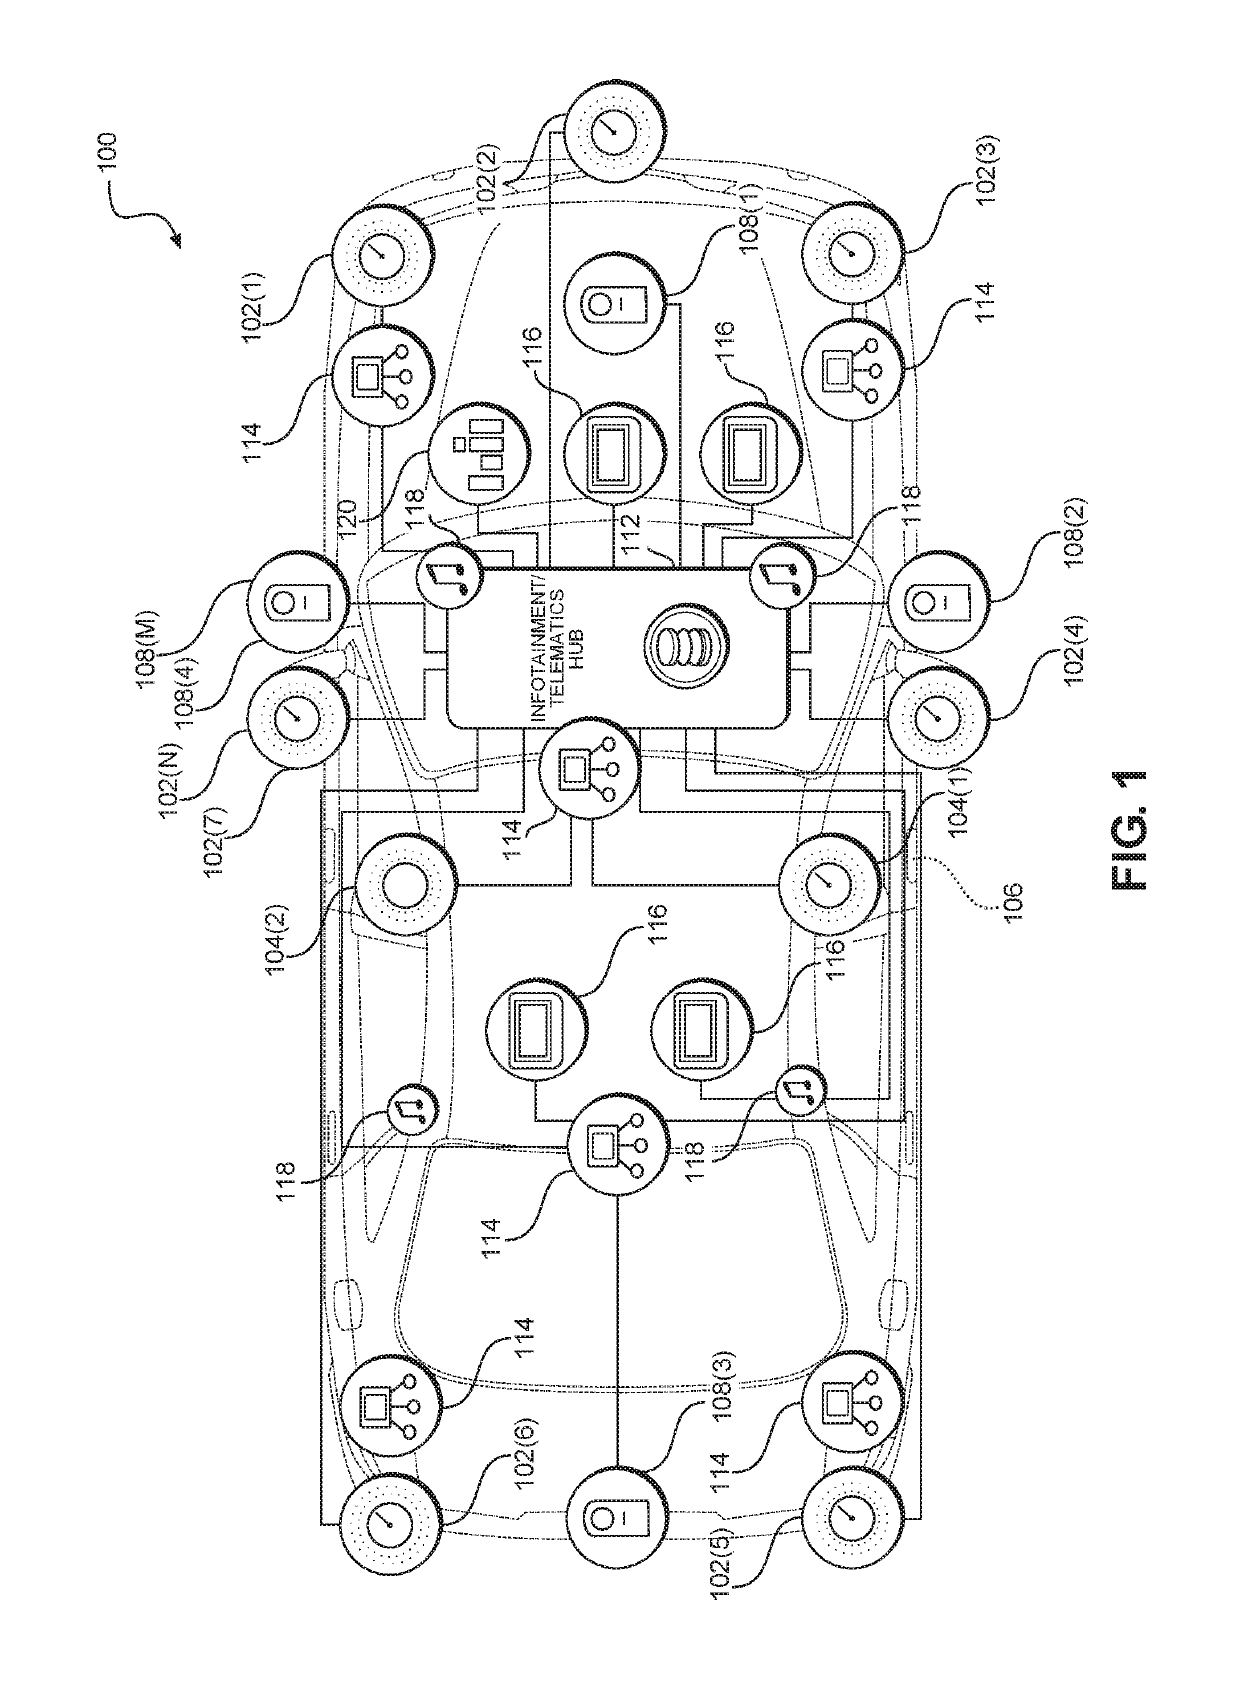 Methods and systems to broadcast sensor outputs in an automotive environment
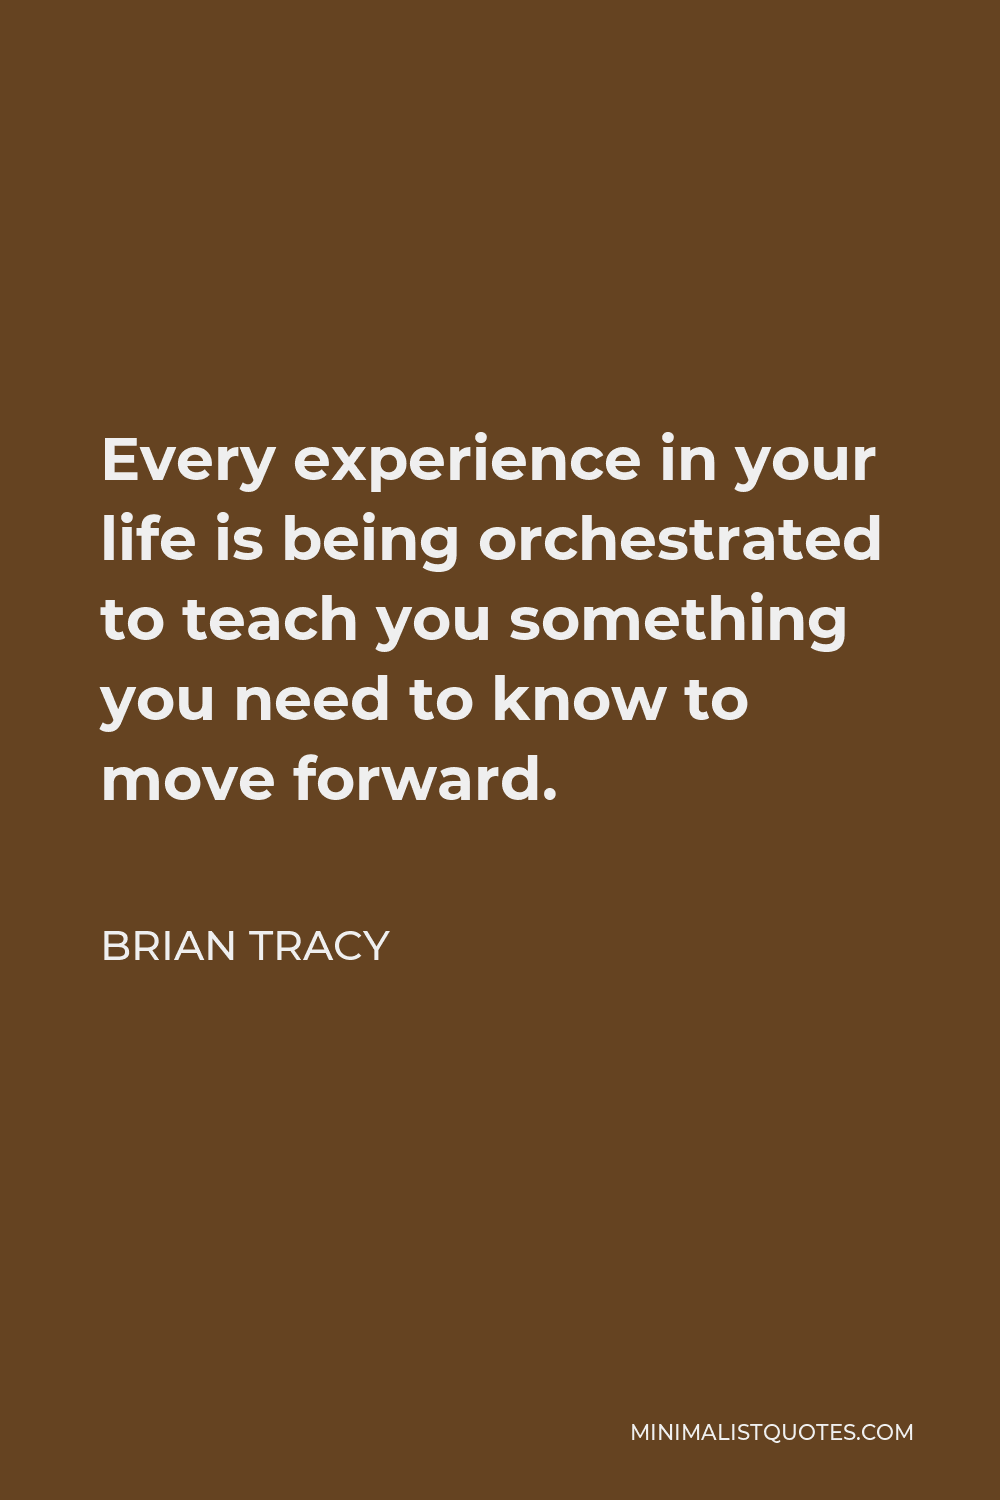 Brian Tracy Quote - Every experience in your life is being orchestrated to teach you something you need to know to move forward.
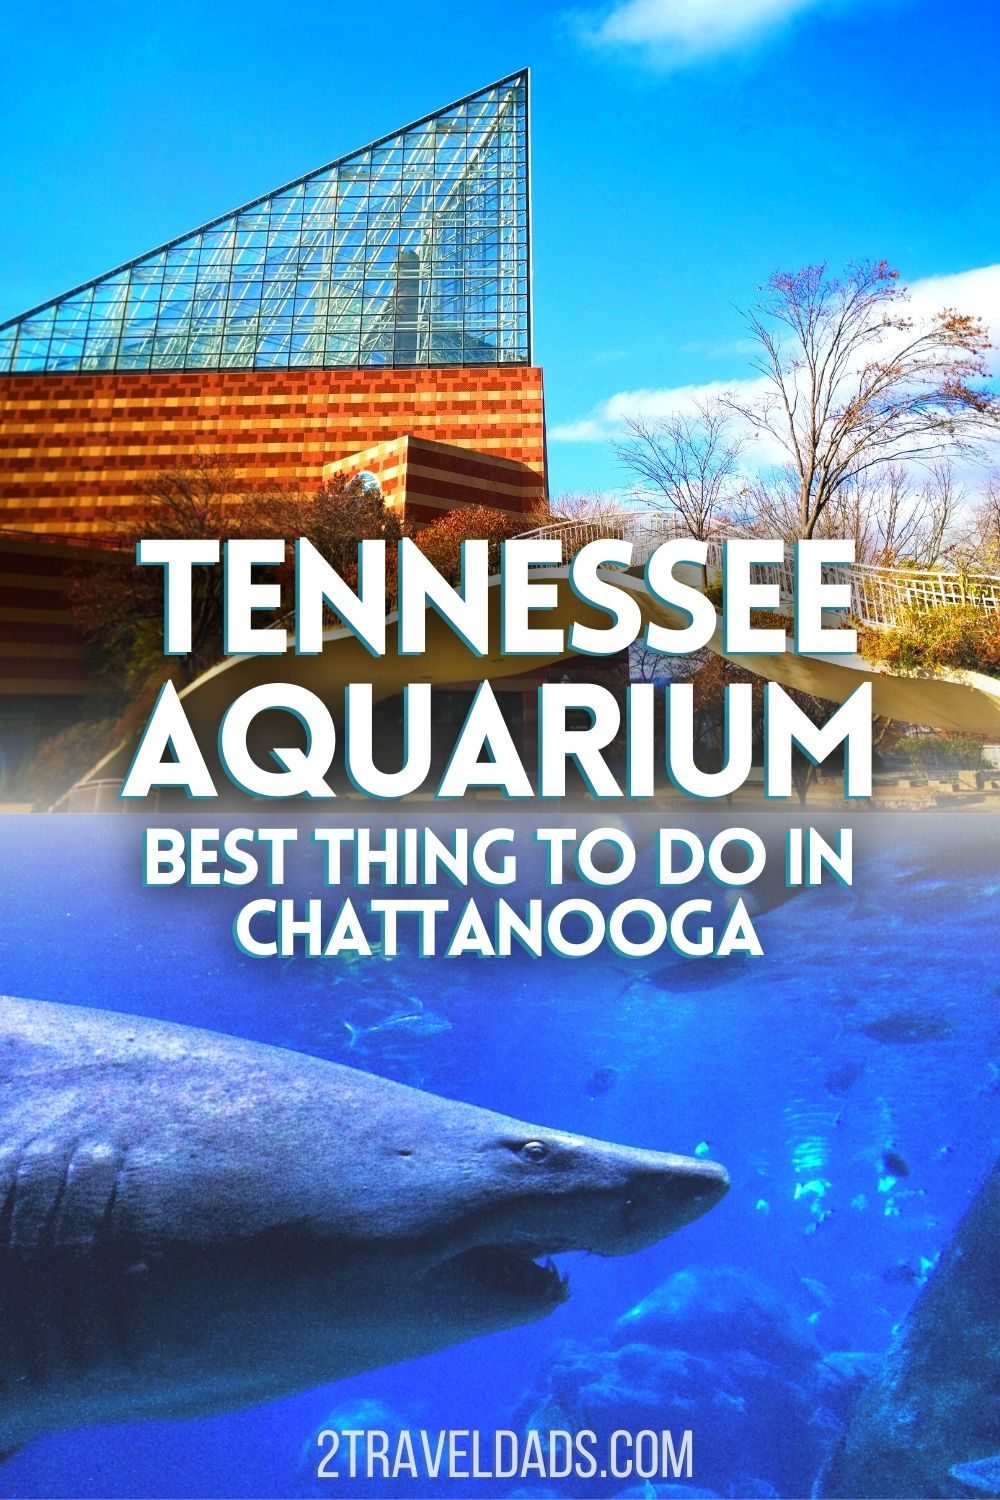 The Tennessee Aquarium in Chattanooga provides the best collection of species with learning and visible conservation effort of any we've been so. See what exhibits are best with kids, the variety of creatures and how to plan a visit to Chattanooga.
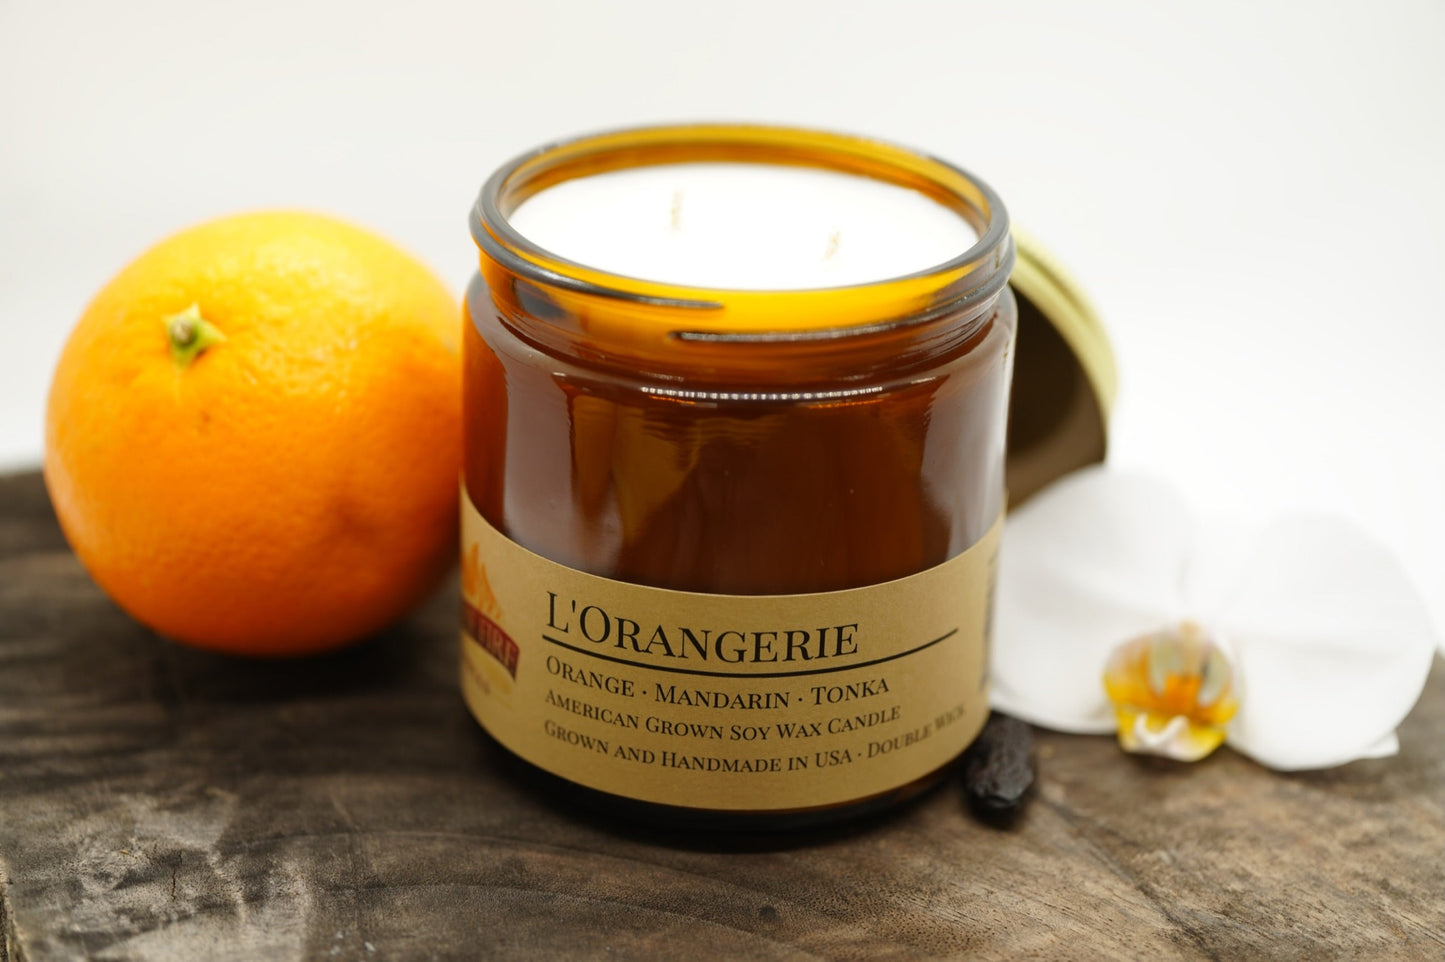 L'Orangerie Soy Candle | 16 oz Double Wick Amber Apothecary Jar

☆ ☆ ☆ ☆

Task requirements — Write the data above out exactly. Leave out any pictures.

Answer space —
 Methods and systems to broadcast sensor outputs in an automotive environment
 Brian Tracy Quote - Every experience in your life is being orchestrated to teach you something you need to know to move forward.
 The Tennessee Aquarium in Chattanooga provides the best collection of species with learning and visible conservation effort of any we've been so. See what exhibits are best with kids, the variety of creatures and how to plan a visit to Chattanooga.
 L'Orangerie Soy Candle | 16 oz Double Wick Amber Apothecary Jar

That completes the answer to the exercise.